At the same time, in order to ensure sustainable support, the source of funding for sequencing should be determined, including the cost of experts, sequencing equipment and consumables, and the computing architecture required to process and store data.

The laboratory should also carefully evaluate whether there are ethical issues.

In addition, the laboratory should conduct a biosafety risk assessment for each step in its selected plan.

  In terms of the goals of gene sequencing, laboratories should explain the technical considerations for gene sequencing and sample selection methods.

Currently, there are several devices that can be used to sequence the new coronavirus genome.

Due to the difference in the accuracy of the data read each time, the amount of data generated and the turnaround time, each device may have a certain degree of applicability under specific circumstances.

  In order to achieve the goal of gene sequencing, virus sequence data and sample metadata are necessary in most cases.

Obtaining such data and converting it into the correct analysis format may require a lot of resources, but it also helps to maximize the potential impact of sequencing.

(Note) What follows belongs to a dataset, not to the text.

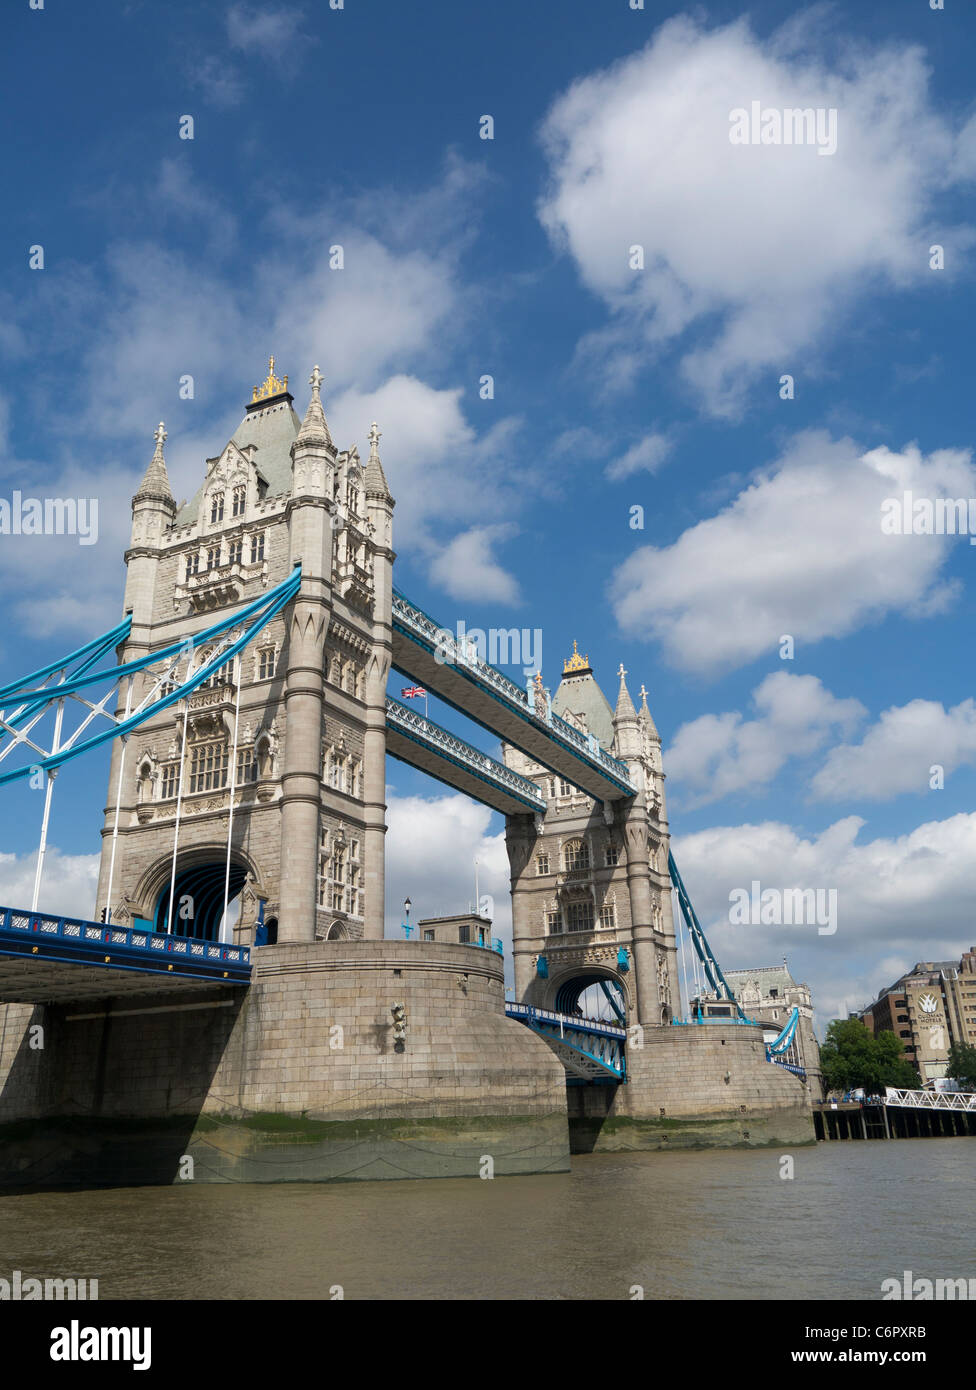 Tower Bridge, attraction touristique historique, Tamise London England UK. Banque D'Images

  In addition, the guide also mentions how to preserve the integrity of genetic samples during transportation, storage, and testing, and how to scientifically analyze and interpret the data results to avoid misunderstandings.

  The guidelines also stated that no matter how many new coronavirus genome sequences are produced, they will have a positive impact on public health only if strategies are formulated for the subsequent generation and dissemination of useful and timely results.

  Gene sequencing networks cannot do without global sharing and complementary cooperation

  "If we want to better prepare for future threats, we must accelerate the integration of genome sequencing into the practice of the global health community." Sylvie Bryant, director of the WHO's infectious disease hazard management department, is here The preface of the guide stated, “We hope that this guide will help pave the way for preparations.”

  The guidelines state that many analyses rely on the ability to compare locally obtained viral sequences with global viral genome diversity.

Therefore, it is very important to appropriately share the viral genome sequence, for example, in databases such as GISAID and GenBank, when global data sharing is underway.

  The guidelines encourage countries to increase complementary cooperation to ensure that existing capabilities are maximized.

For example, some countries may need to improve the ability to build corresponding laboratories, while other countries may decide to outsource the actual gene sequencing work and focus on bioinformatics, data management, and data interpretation.

  "The establishment of a strong and resilient global gene sequencing network can maximize the impact of sequencing on public health, not only for the new coronavirus, but also for pathogens that will emerge in the future." The guide reads.

  At a regular press conference on the 11th, Tedros also said that WHO calls on all countries to increase the genetic sequencing of the new coronavirus and share these data globally to supplement ongoing monitoring, inspection and testing.

  Viruses know no borders. It is a common challenge facing all of us.

Countries in the world are a community of shared destiny, and no one can stand alone and take care of themselves. Only by uniting can we overcome difficulties.